The haploid recognition methods which have been most extensively applied at present are Near Infrared Spectroscopy (NIRS), machine vision and NMR quantitative analysis. NIRS techniques with features of rapid, nondestructive could identify the haploid and Micro-NIR spectrometer scan fast and cost less, which have utility for automatically selecting haploid maize kernels from hybrid kernels(Qin et al., 2016, Li et al., 2018, Lin et al., 2018). However, the NIR spectra of maize haploid kernels are easily affected by many factors, such as light, temperature, humidity, NIR intensity and collecting instrument (Zhou et al., 2007). The machine vision method is based on Najavo marker (Nanda And Chase, 1966), which makes different color features in the embryo between haploid and diploid kernels. Li et al. designed a set of haploid screening system based on machine vision and the success rate to obtain embryo surface-containing pictures reached 90%, corrective haploid recognition rate by the system was 95% (Li et al., 2016). However, this genetic marker method still has certain limitations. First of all, when the induced female parent carries dominant pigment inhibiting genes, then this marked color gene can’t be expressed; secondly, genetic expression effects of different hybridized material combinations are quite different (Zhang et al., 2013, Li et al., 2016). Chen and Song put forward using oil xenia effect for haploid recognition, which makes the induced haploid kernels and diploid kernels by high oil inducer present a significant different in oil content (Chen and Song, 2003). Haploids can be separated out by measuring kernel oil contents using NMR spectrometer. Haploid automatic screening system based on NMR quantitative analysis has been developed so far, which can realize the recognition rate of 4 s per kernel with accuracy reaching 94% (Wang et al., 2016).

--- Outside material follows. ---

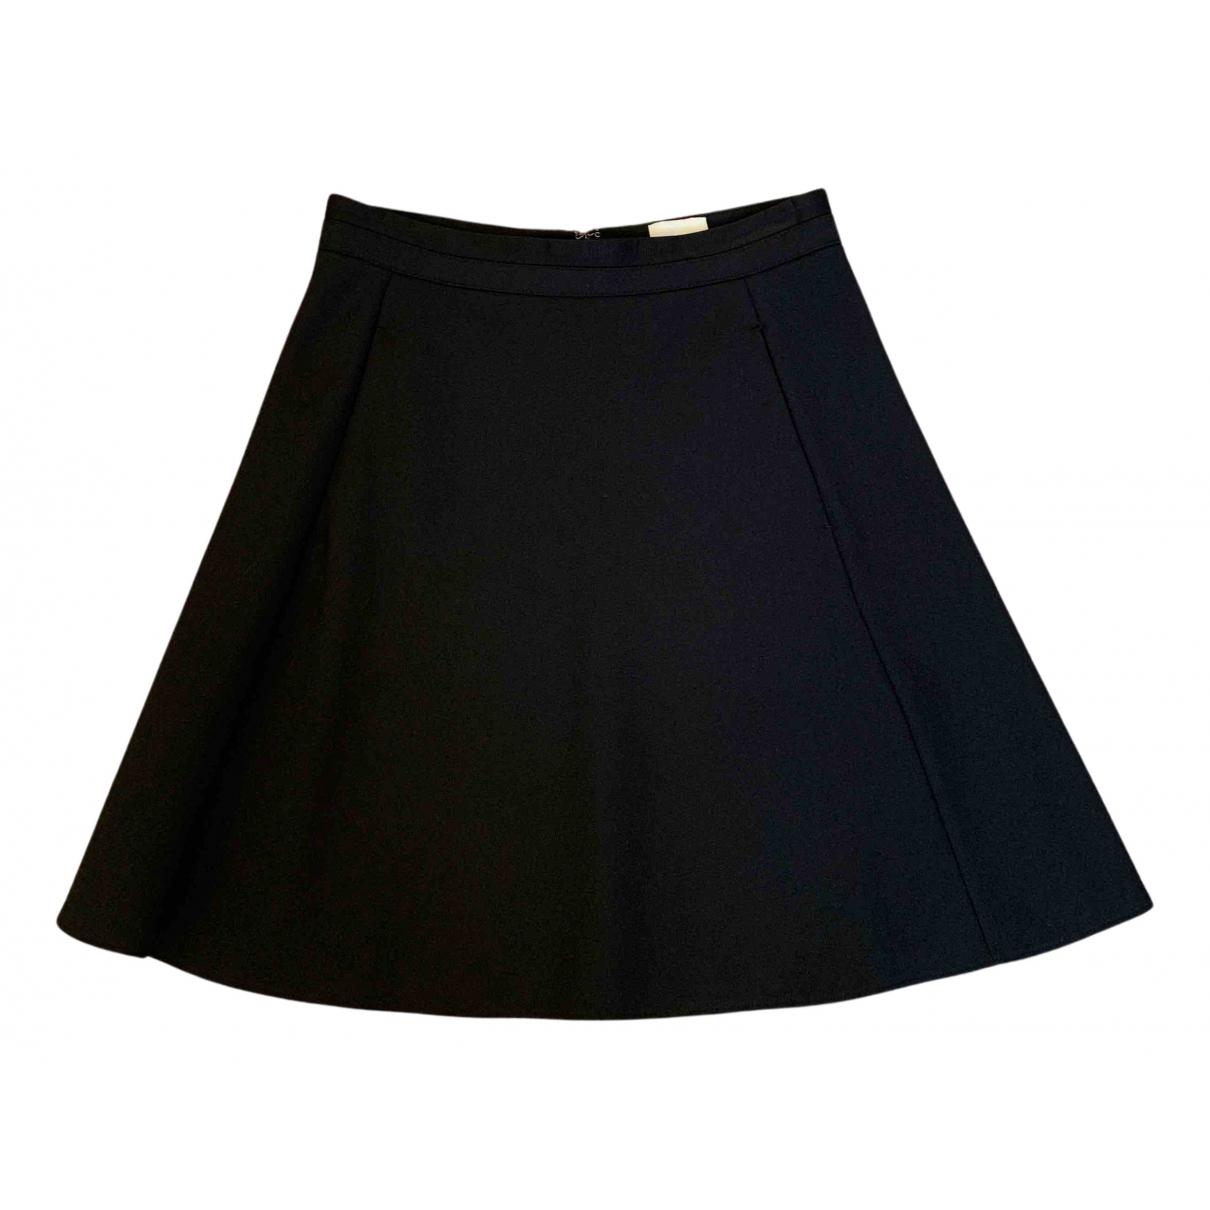 Reiss N Black skirt for Women 8 UK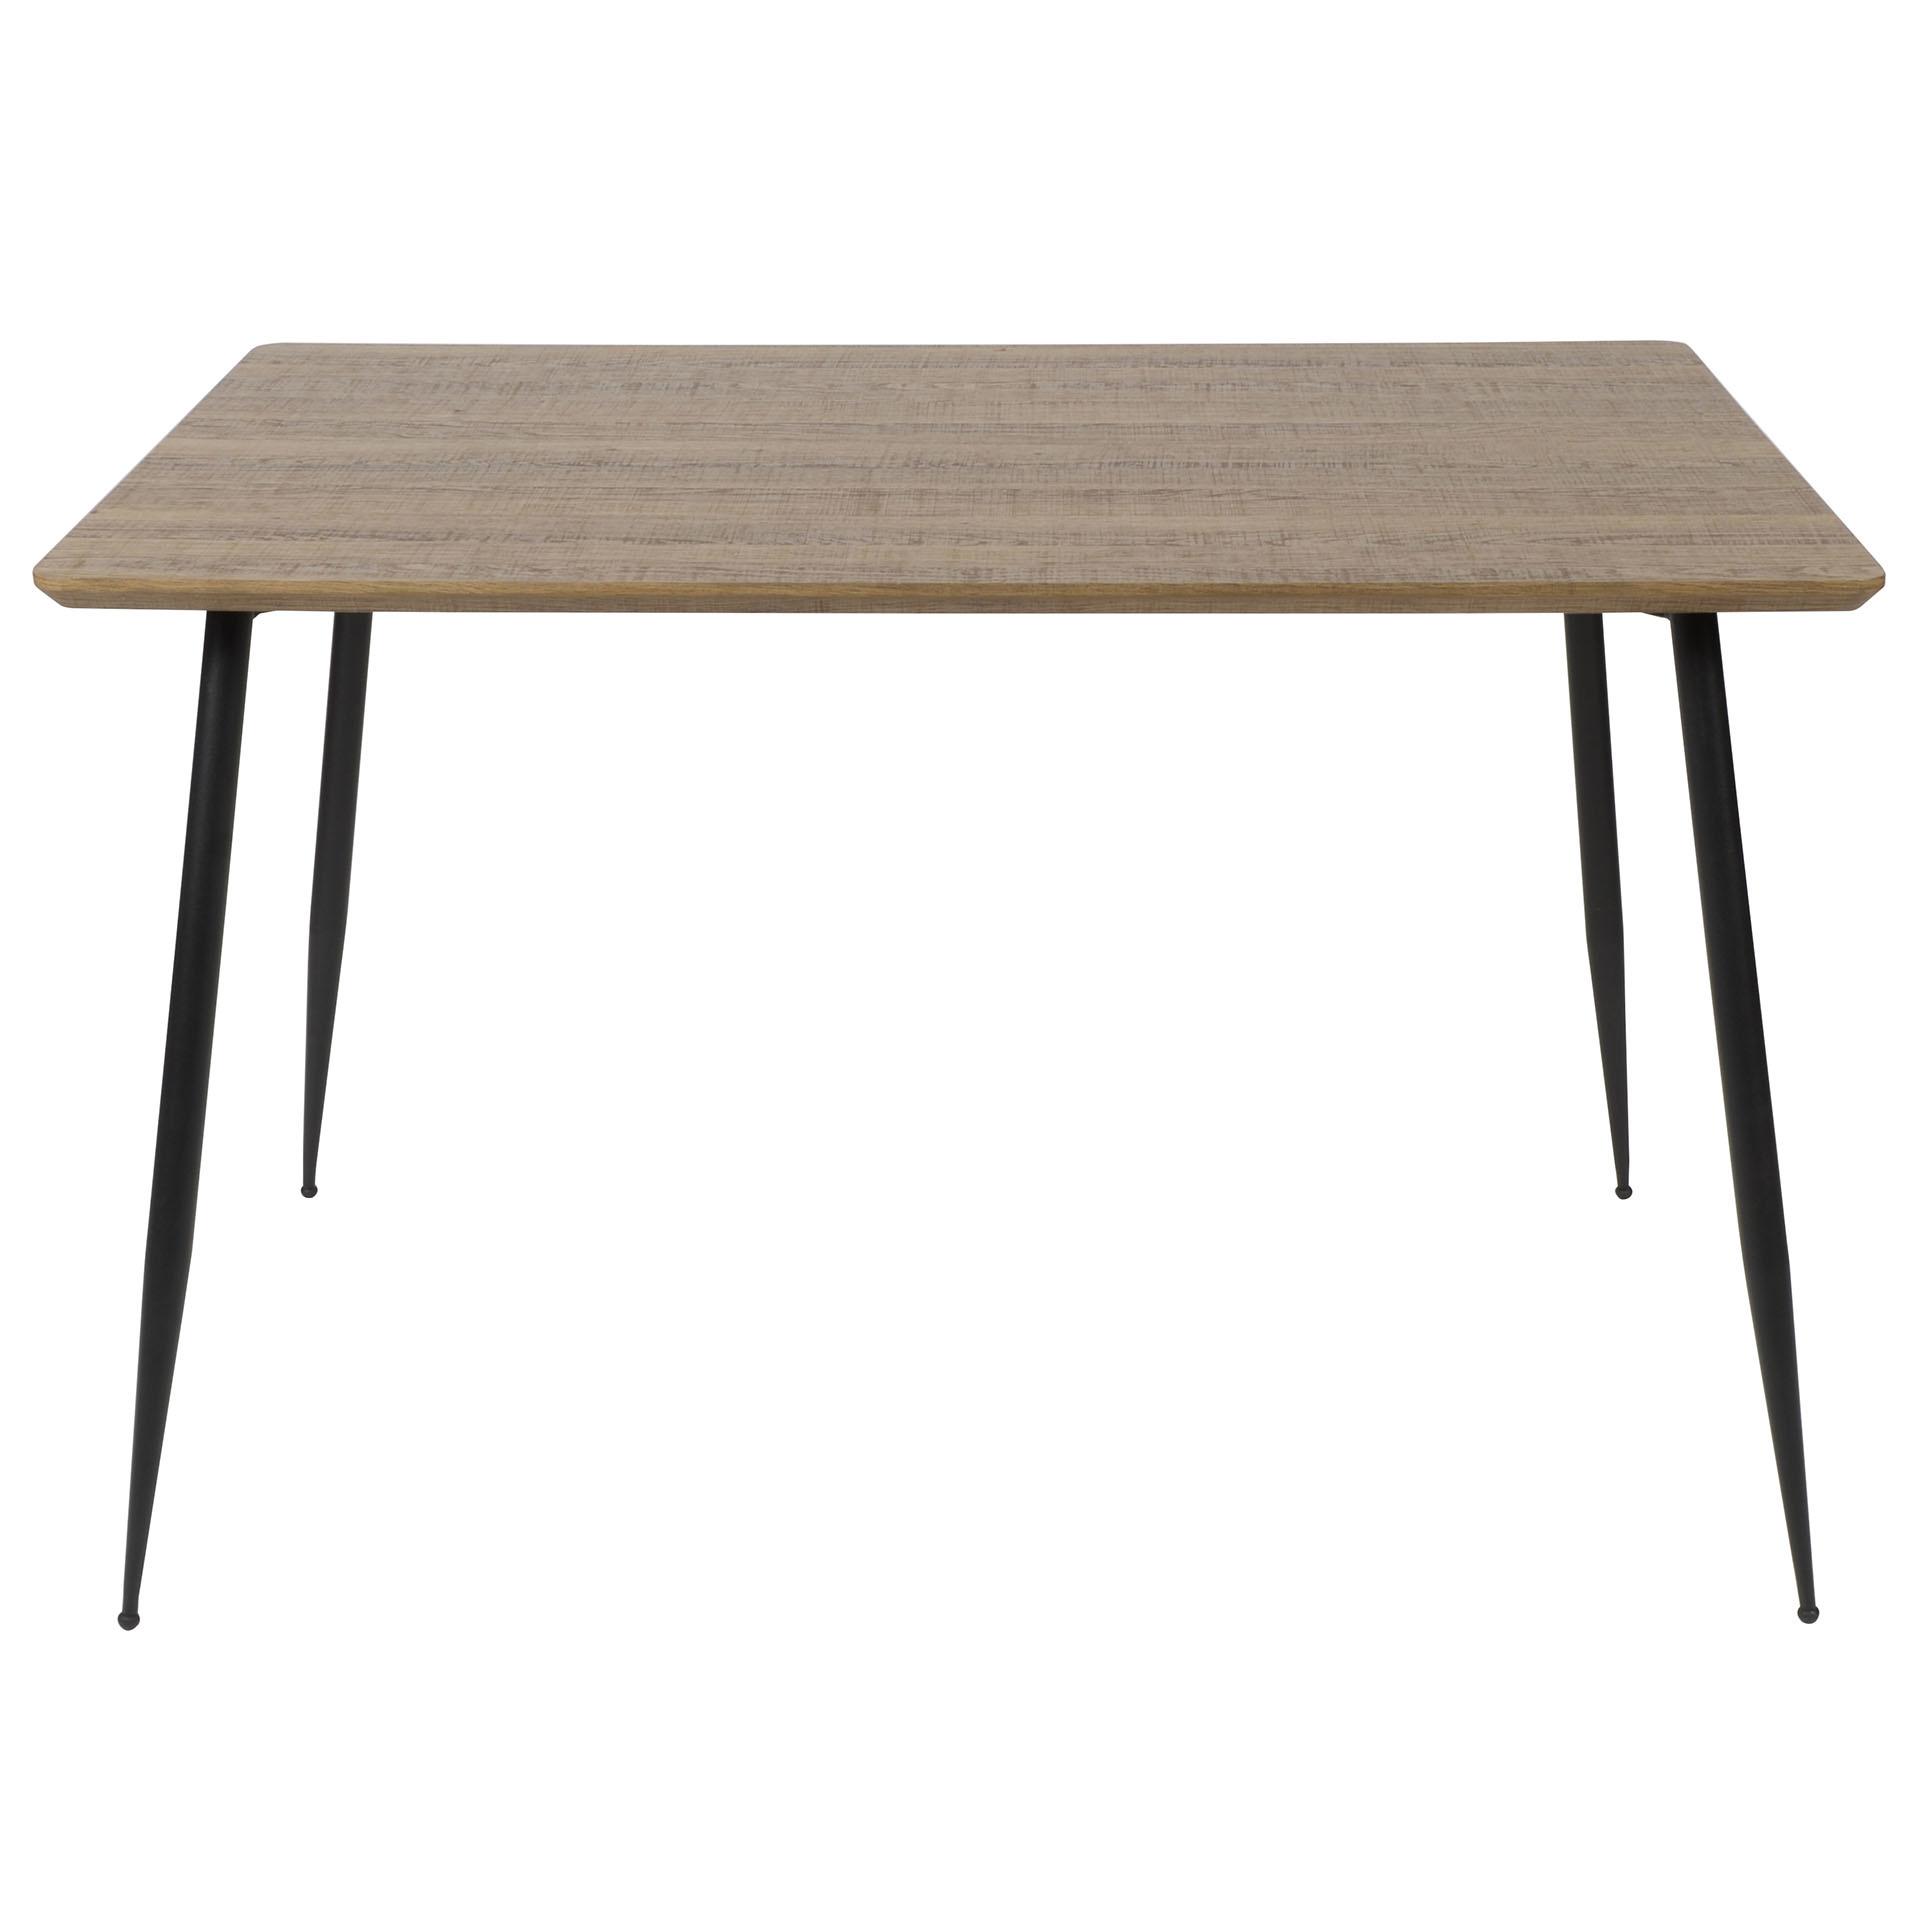 Duverger Straight - Eettafel - L120cm - MDF blad - 3D eiken bruin - tapse ronde poten

The pattern recognition method based on low-field NMR spectrum of maize kernel was used in this paper. When this pattern recognition method is used, it’s unnecessary to calculate oil content, thus saving the weighing link and improving the automatic recognition efficiency; secondly, it’s not necessary to fabricate calibration curve on schedule in order to ensure measurement accuracy of oil contents, thus remitting the operating difficulty; finally, as it doesn’t completely rely on difference of oil contents for haploid recognition, so it can be applicable to maize kernels generated by conventional inducer, which account for the majority of maize varieties. Low-field NMR technology has been widely applied to quality detection of agricultural products in recent years. Santos et al. used low-field H-NMR to detect synthetic emulsions adulterated in the milk at different volume ratios, conducted multivariable data processing and single-variable processing and established 2 classification models to control and classify milk quality (Santos et al., 2016). Roberta et al. used low-field N-HMR to detect longitudinal relaxation time and transverse relaxation time of honeys adulterated with 0–100% high-fruit maize syrups, and found after double-exponential fitting of the detection results that differences of honeys of different adulteration ratios in aspects of pH, color, water content, water activity and ash content were embodied at , indicating that low-field NMR technology could be used to differentiate pure honey from honey adulterated with high-fruit maize syrups (Ribeiro et al., 2014). These studies have provided a theoretical foundation for this paper.
NMR spectrum is a kind of high-dimensional data. The pattern recognition method needs to extract effective information as far as possible so as to realize accurate classification, so effective feature extraction and dimensionality reduction method is an important link in the identification process. The traditional linear dimension reduction methods assume that the data has a global linear structure, and representative methods are principal component analysis (PCA) and linear discriminant analysis (LDA). However, it’s found in practice that many high-dimensional data are distributed on the low-dimensional nonlinear structure embedded into the high-dimensional linear space. The traditional linear dimensionality reduction method can’t effectively maintain this nonlinearity nature. Therefore, kernel method and manifold learning and other nonlinear dimensionality reduction methods have been developed. Kernel method derives from development and application of the Support Vector Machine theory, it maps original data into a higher-dimensional feature space through nonlinear mapping and process post-mapping data using a linear learning algorithm in the new high-dimensional feature space. The primary problem of kernel method is large calculation cost and the dimension reduction effect depends on selection of the kernel function, which needs to be determined usually by experience (Huang, 2018).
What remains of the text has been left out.